I've only shown Bettas 







Regards
Dean


----------



## pablo (27 Jun 2016)

Congrats 

Can we see pics of the winning fish?


----------



## dean (27 Jun 2016)

Best short finned pair
Best pair in show 


Regards
Dean


----------



## dean (27 Jun 2016)

Best long finned pair 


Regards
Dean


----------



## dean (27 Jun 2016)

Regards
Dean


----------



## dean (27 Jun 2016)

Regards
Dean


----------



## LondonDragon (27 Jun 2016)

Stunning Bettas Dean  congrats


----------



## Bill Chan (28 Jun 2016)

Such great specemins.

Can someone tell me if a betta exists like this one:





Is it real?


----------



## Lindy (29 Jun 2016)

Well done Dean. Bill that is photo shop and no, you cannot get betta like this. I used to show one of my dogs and was a lot of fun.

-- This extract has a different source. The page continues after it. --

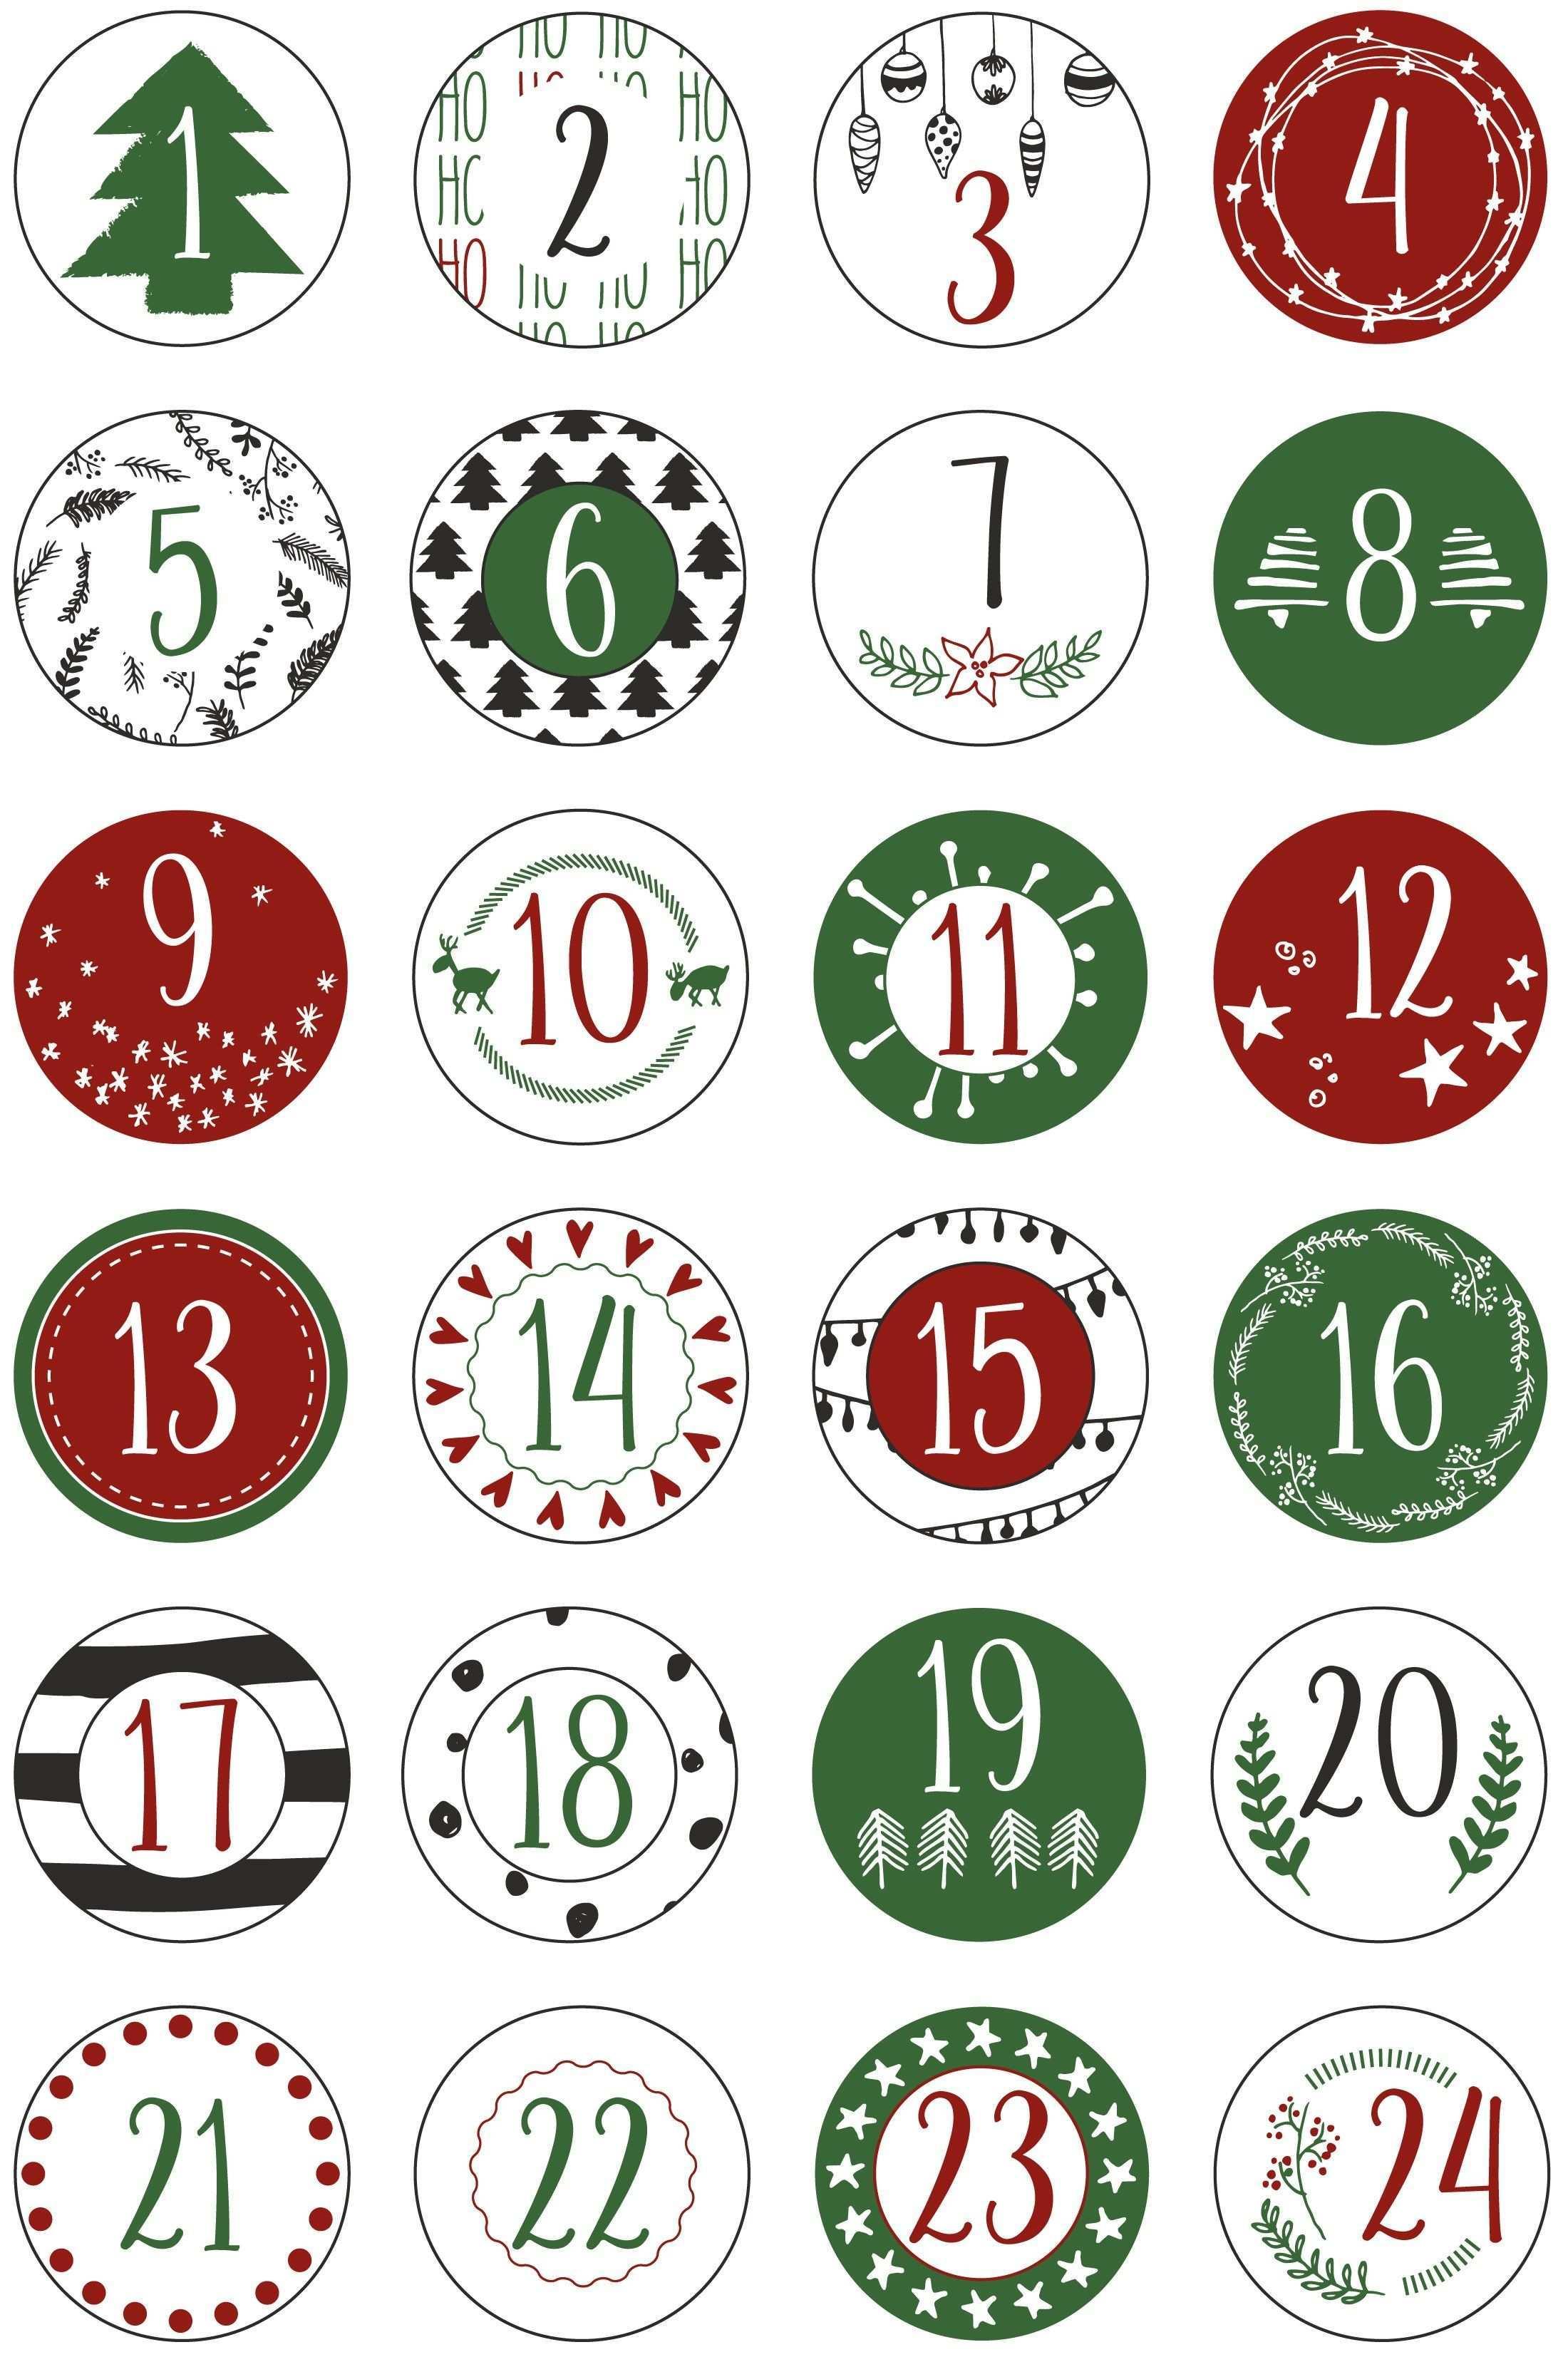 Adventskalender Selber Machen Diy Mit Anleitung Das Haus Adventkalender Adventskalender Selber Machen Adventkalender Basteln
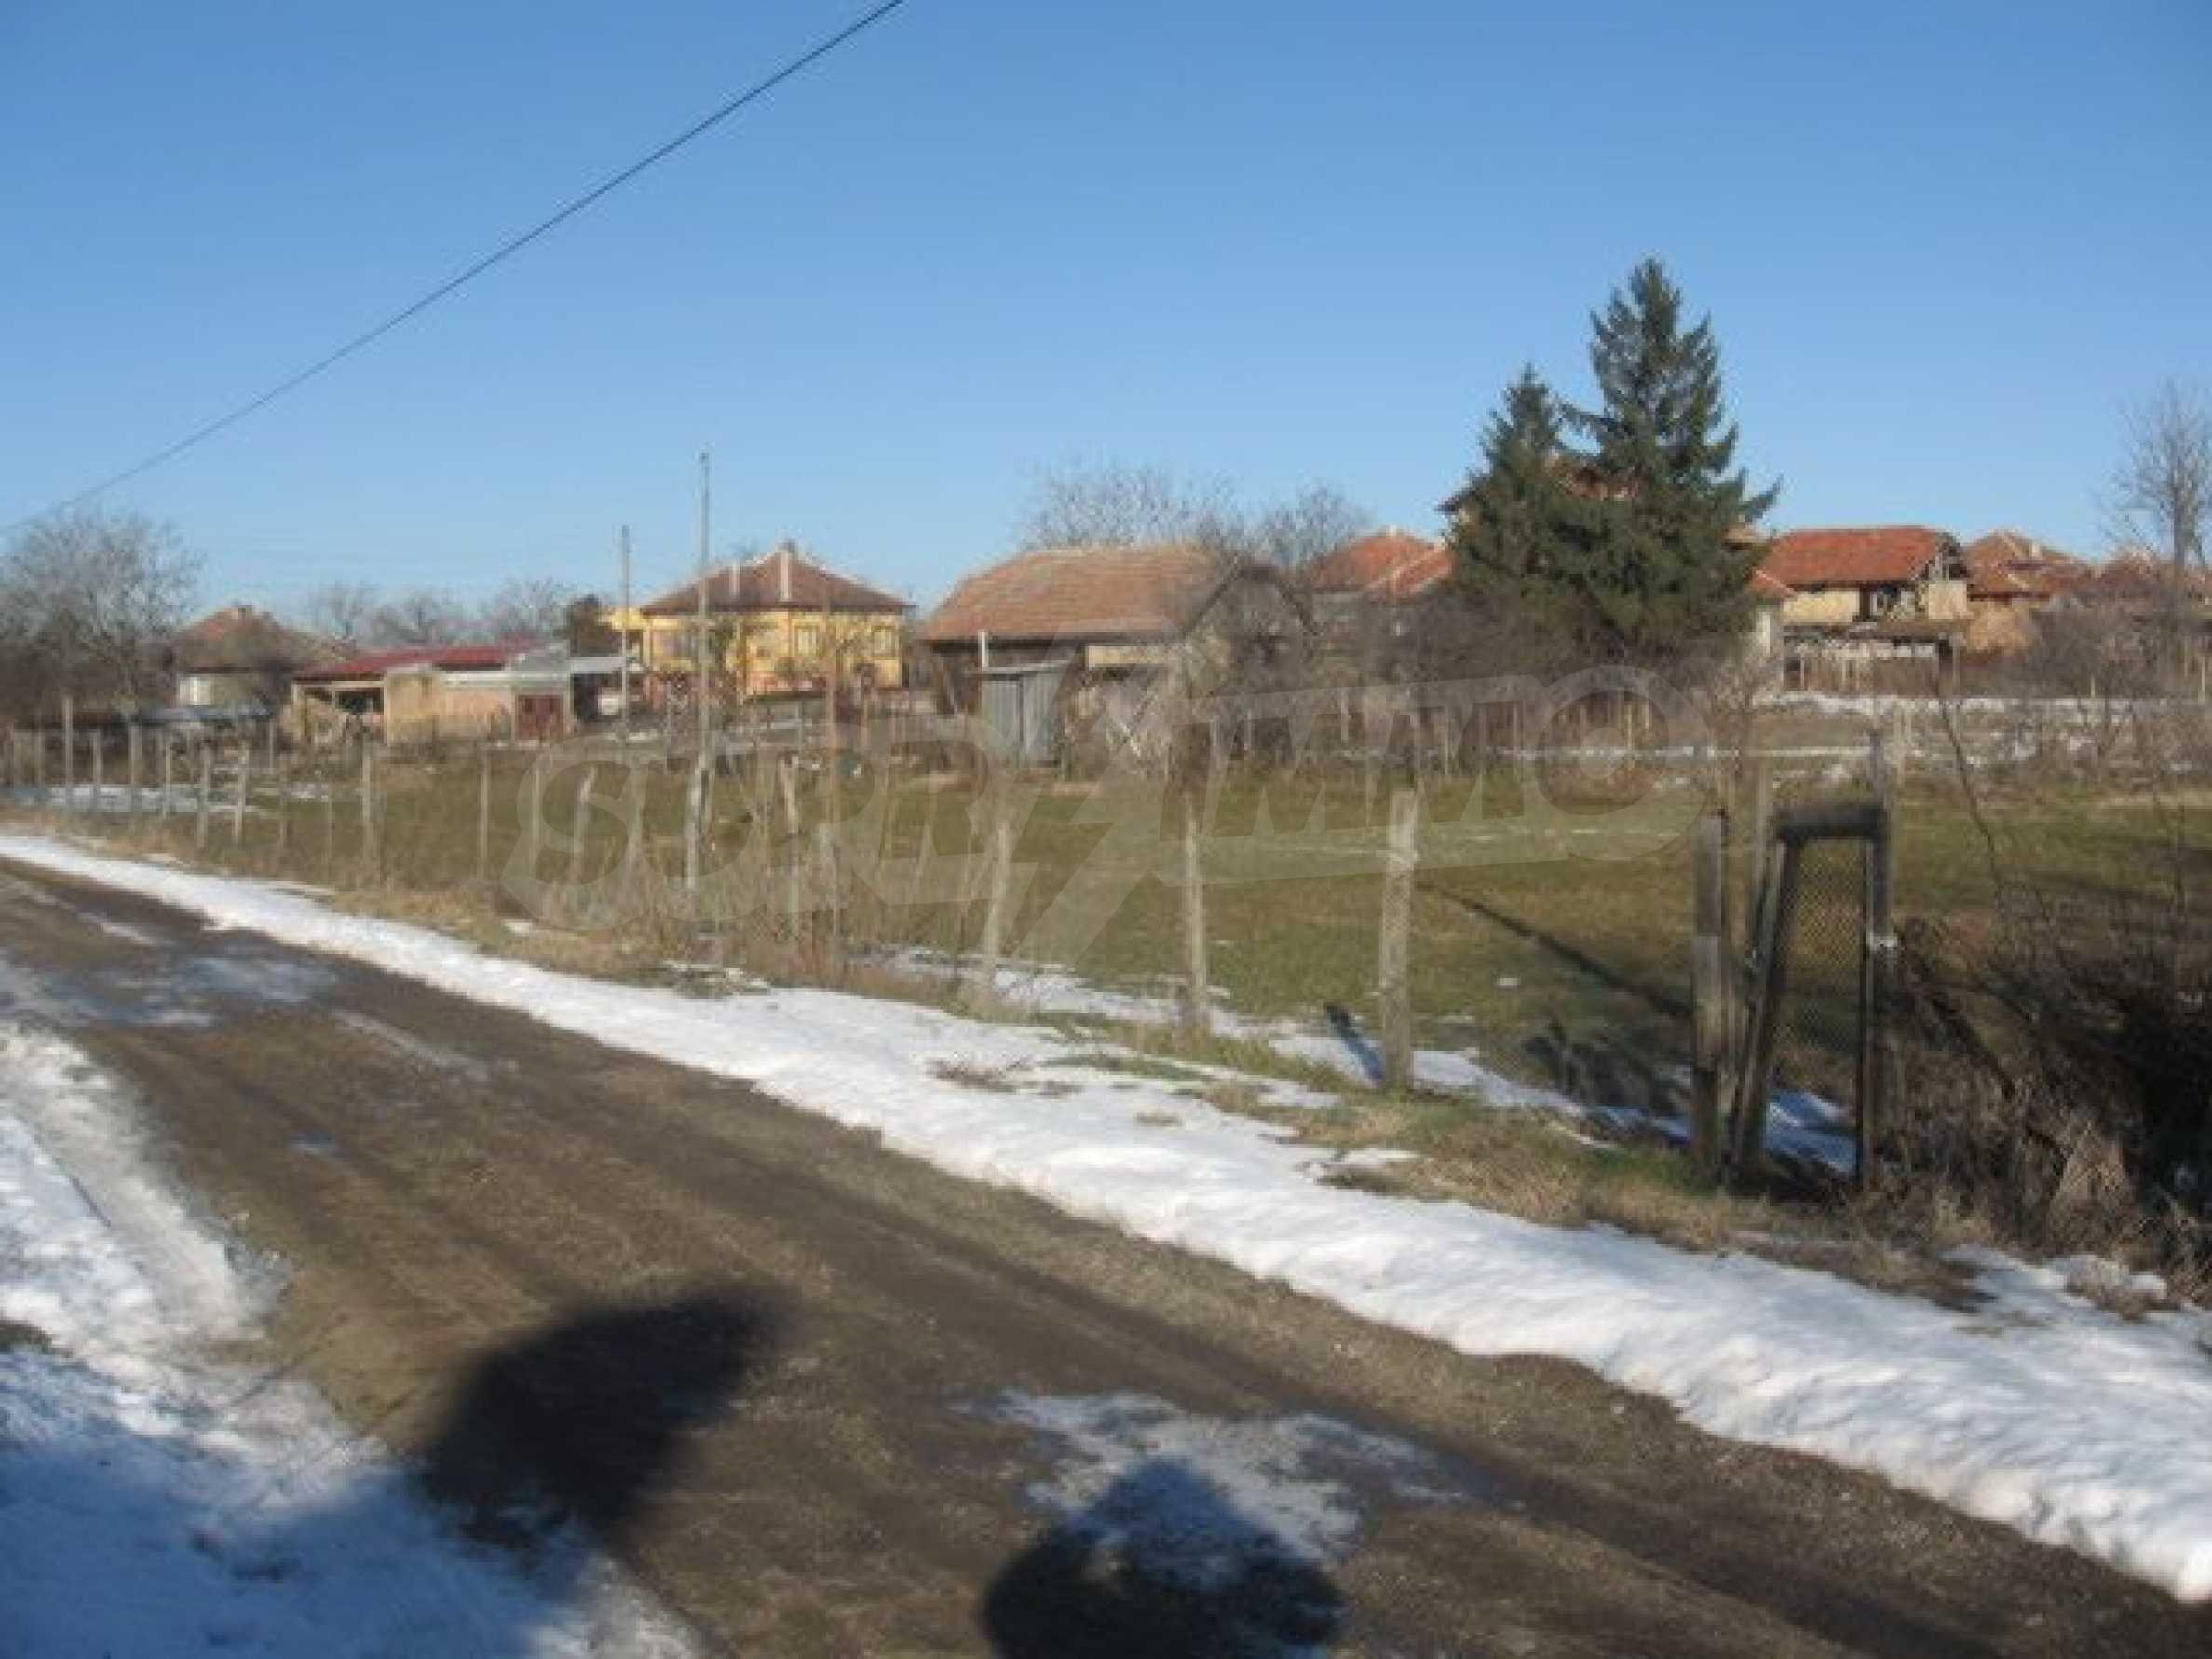 Участок под строительство возле Дунай мост 2, г. Видин 3

Expensive hobby though when lots of travelling from Scotland is involved.

Sent from my SM-G920F using Tapatalk


----------



## dean (29 Jun 2016)

Here's a big boy for you 


Regards
Dean


----------



## dean (29 Jun 2016)

Thanks all
Yes it was an expensive weekend 
250 mile round trip and a hotel plus meals etc
But it's great when your piers give you an award 


Regards
Dean


----------



## alto (29 Jun 2016)

Congratulations 

Which show was this?

How old are these fish? have you spawned the pairs? how are the points collected/given?

 lots of questions 

That is quite the nicest veil tail I've seen!
 - local shops get in some fancy Bettas but the veil tails are always just mass production fish


----------



## dean (24 Jul 2016)

It was The National Betta Show 
These fish about 5 months old 
Not yet spawned any as like them to mature a bit more yet 
The judges are all accredited and do shows virtually every weekend during show season 
Points are awarded for 
Size, colour, form and a few more things it's very complicated 


Regards
Dean


----------



## rebel (24 Jul 2016)

Amazing!


----------